Keith W Robertson  2013-09-25 03:58
Discovered yesterday when using the Maps app for walking directions in Cardiff ... It works from the lock screen!! It meant that when I needed an update I only had to power up the screen for directions and then power off to save the battery, brilliant. Tried it today with the Google Map app and it doesn't do this, I had to unlock the screen to see directions.

Also like the way the screen off timer is now separate to the screen lock timer. My screen now goes off after 1 minute, but I only have to key in my 4 digit code after 15 minutes of inactivity.
David Bozak  2013-09-25 10:03
on my iphone 5, the control panel gives me access to a calculator and other stuff (lock screen orientation) but that doesn't show up on my iPad2 - am I missing something?

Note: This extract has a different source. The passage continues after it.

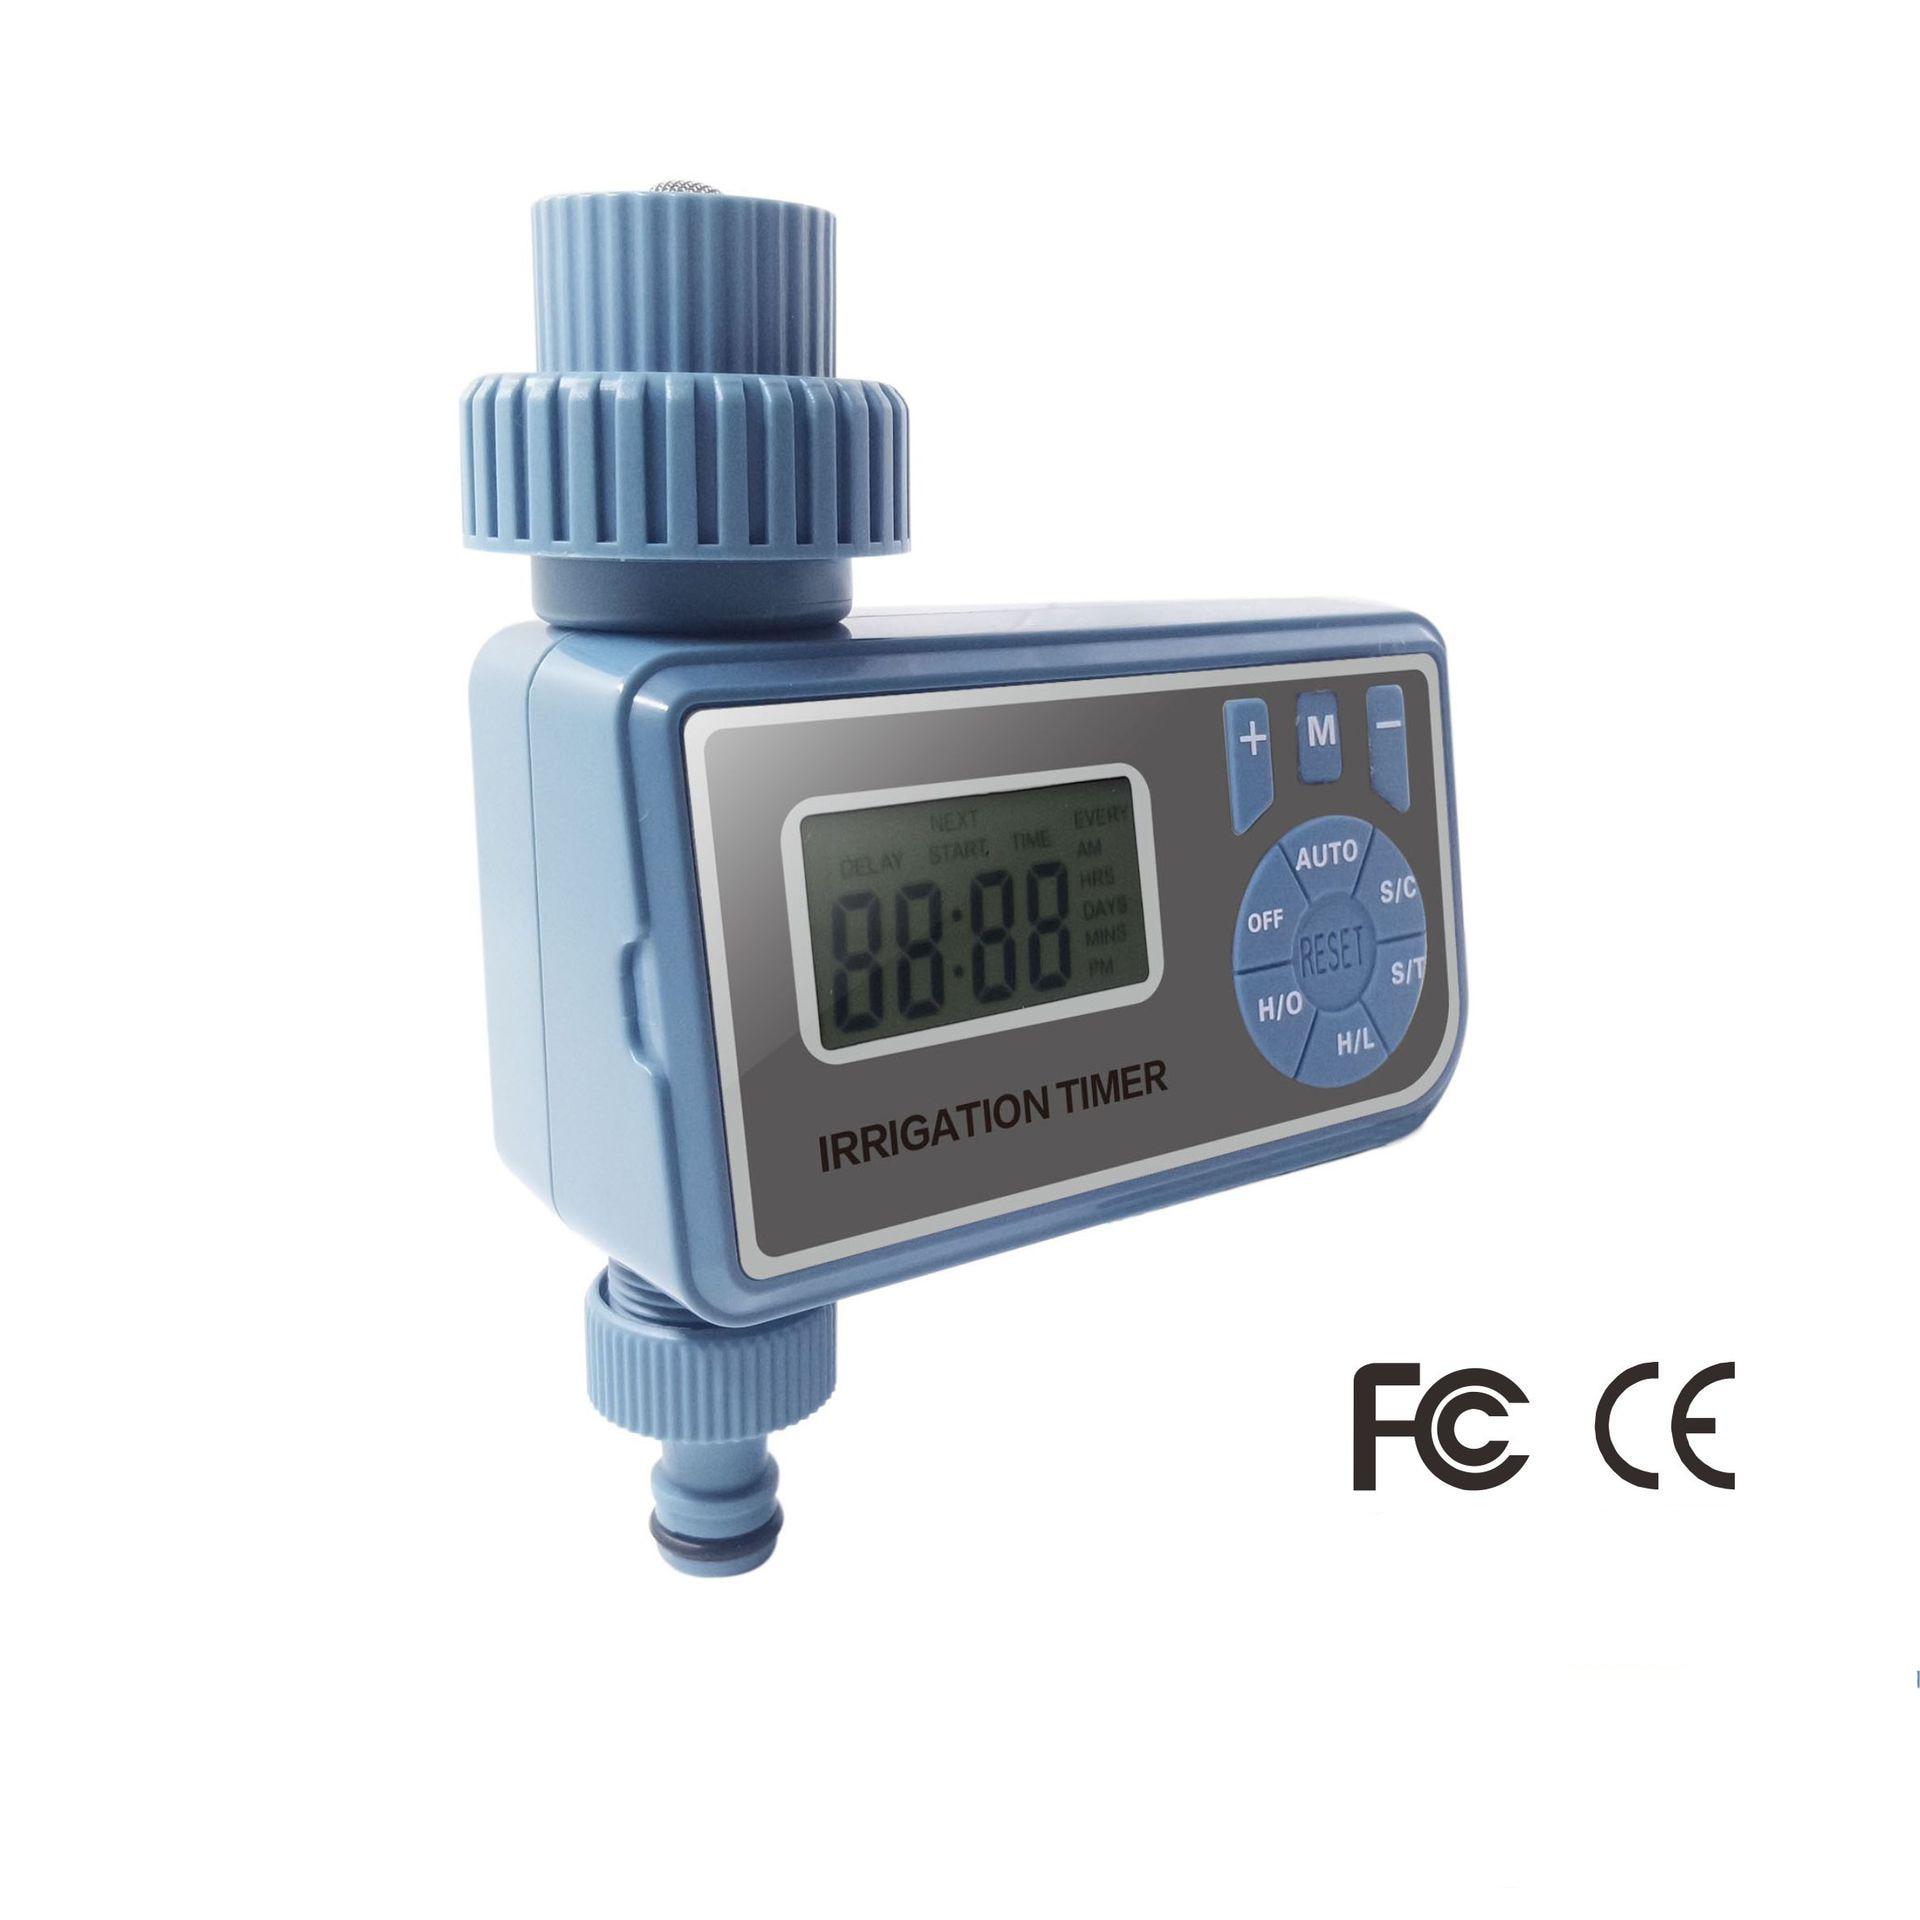 جهاز توقيت سقي آلي للحديقة الخضروات جهاز تحكم إلكتروني للري يستخدم في التكاثر وزراعة الشتلات

Josh Centers  2013-09-25 10:21
Apple's never ported their calculator app over to the iPad. I have no idea why not.
Jeff Carlson  An apple icon for a TidBITS Staffer 2013-09-25 10:30
You don't see the lock screen orientation button on the iPad because the side switch is set to Lock Rotation (you do see a Mute button). Go to Settings > General and change the Use Side Switch To preference to Mute and you'll see the Lock Rotation button. (The control panel shows the option _not_ selected in the settings pane.) On the iPhone, the side switch is used only for mute I believe.
David Bozak  2013-09-25 10:41
cool! that works ... learn something every day... thanks!